What is required:
The data below should be restated word for word, with every picture omitted.

Raw data:
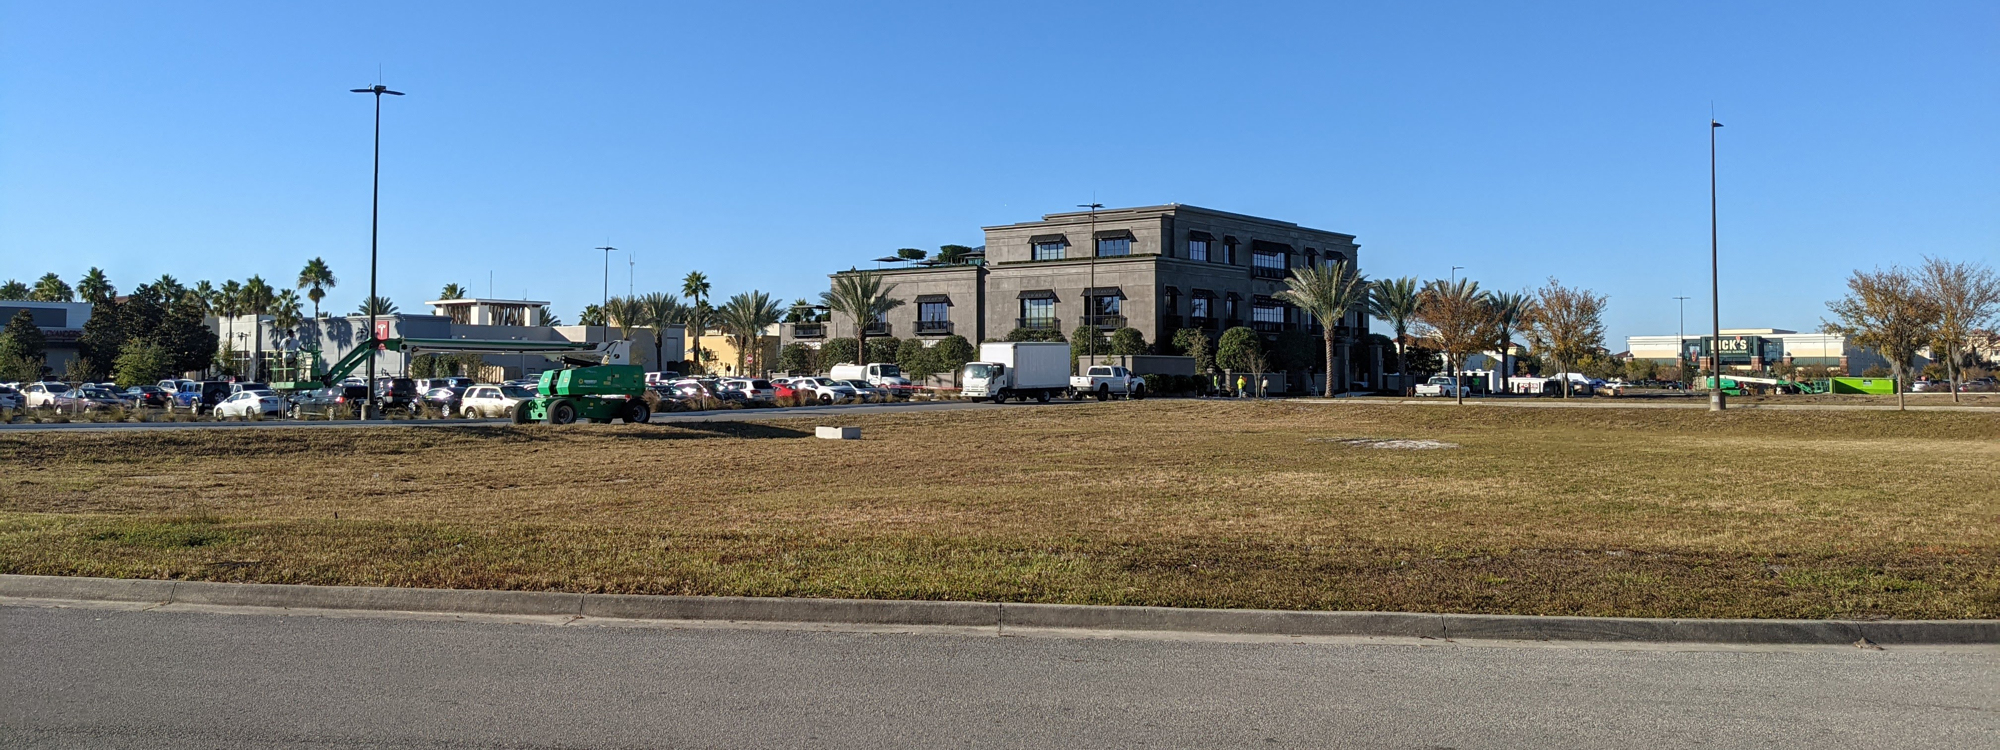 RH Jacksonville comprises 70,000 square feet of indoor and outdoor space on three levels. This is the view from the Southeast corner of St. Johns Town Center.
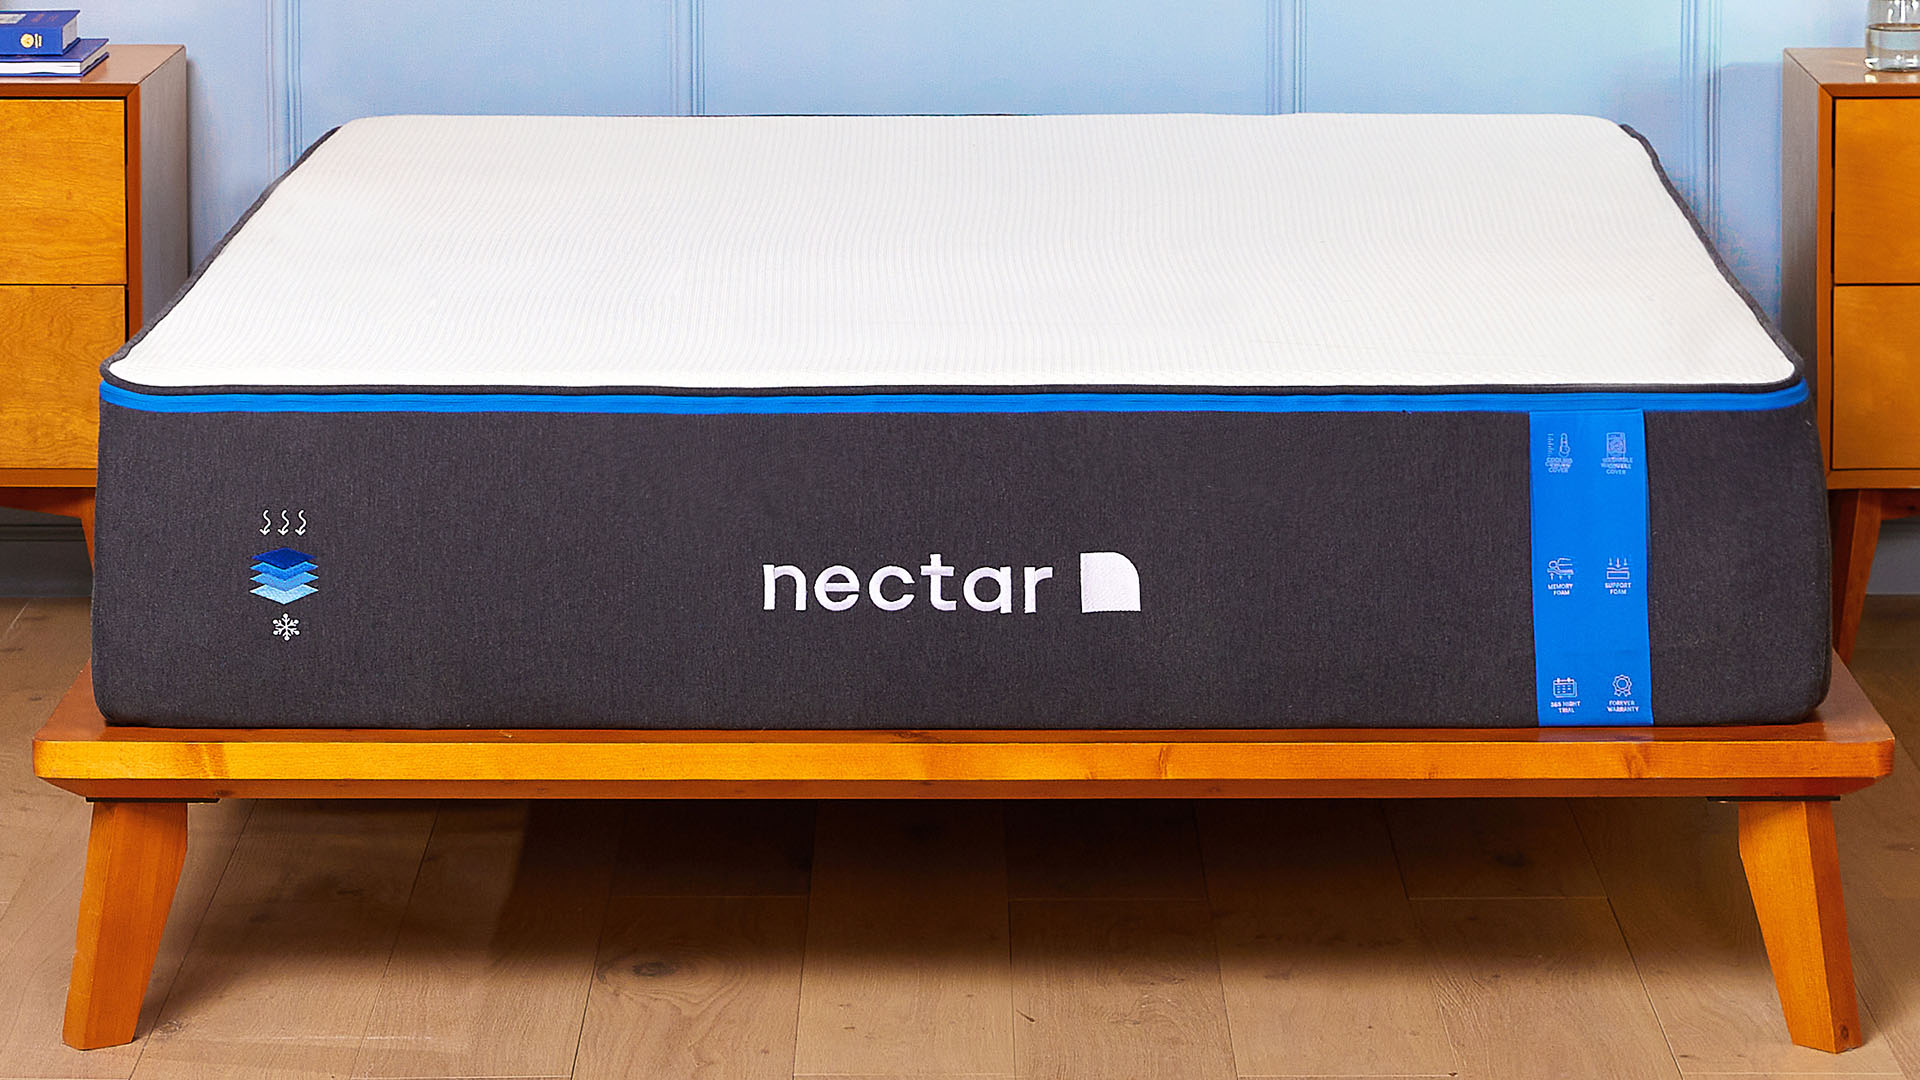 Nectar mattress in a box, set up in a bedroom
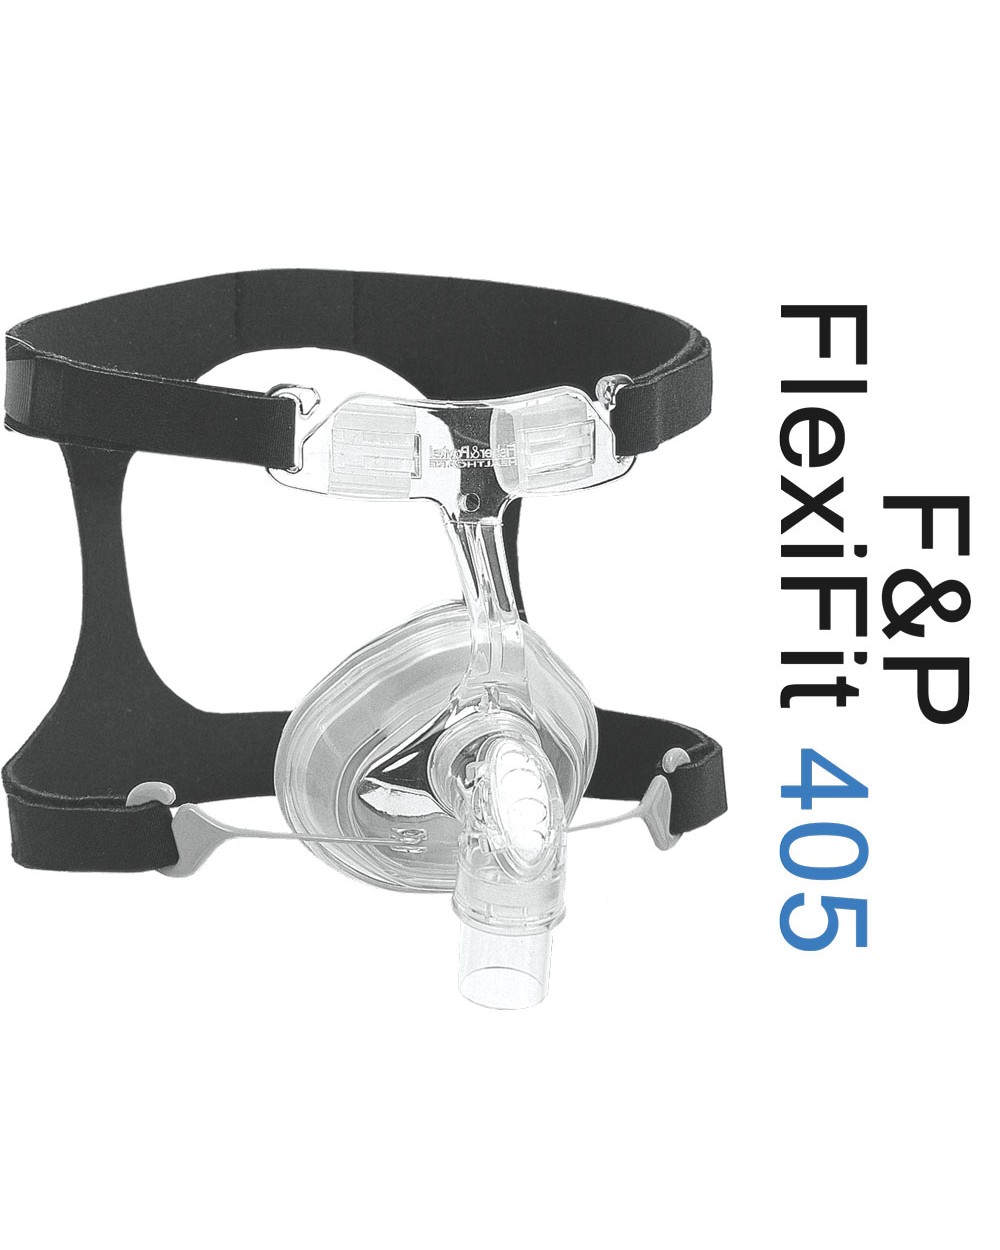 Fisher Paykel FlexiFit 407 – Canadian CPAP Supply
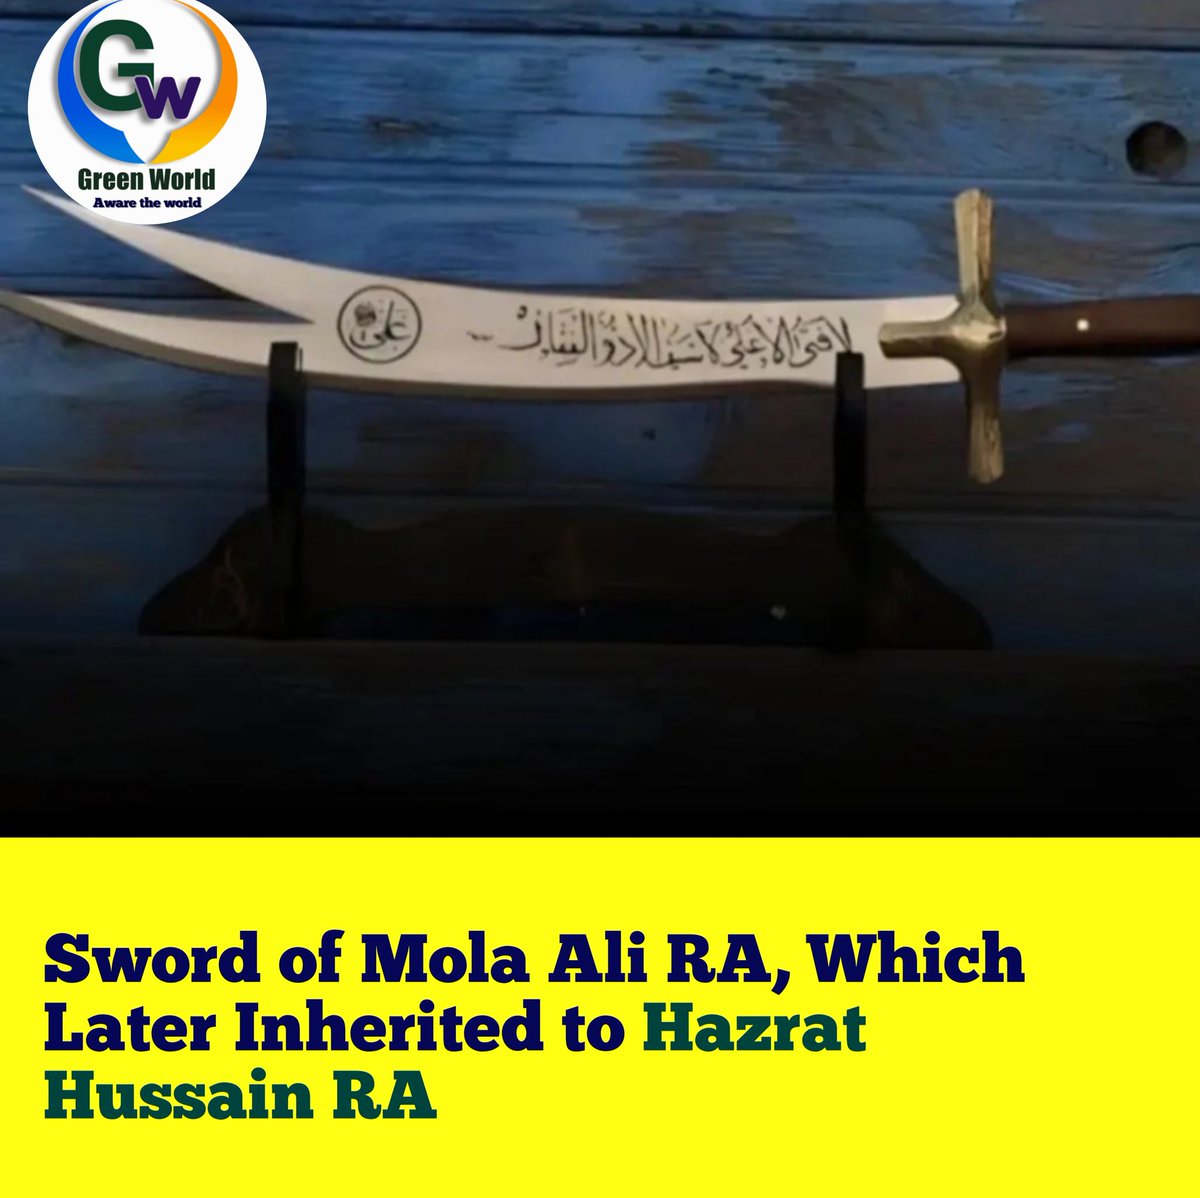 This is the Zulfiqar Sword, which was owned by Hazrat Ali RA, which later inherited to his son Imam Hussain RA.

This sword beloved by many for its legendary religious power and influence, is one of the most renowned swords in Islamic history.

Response box:
 RH Jacksonville comprises 70,000 square feet of indoor and outdoor space on three levels. This is the view from the Southeast corner of St. Johns Town Center.
 Nectar mattress in a box, set up in a bedroom
 Fisher Paykel FlexiFit 407 – Canadian CPAP Supply
 This is the Zulfiqar Sword, which was owned by Hazrat Ali RA, which later inherited to his son Imam Hussain RA.

This sword beloved by many for its legendary religious power and influence, is one of the most renowned swords in Islamic history.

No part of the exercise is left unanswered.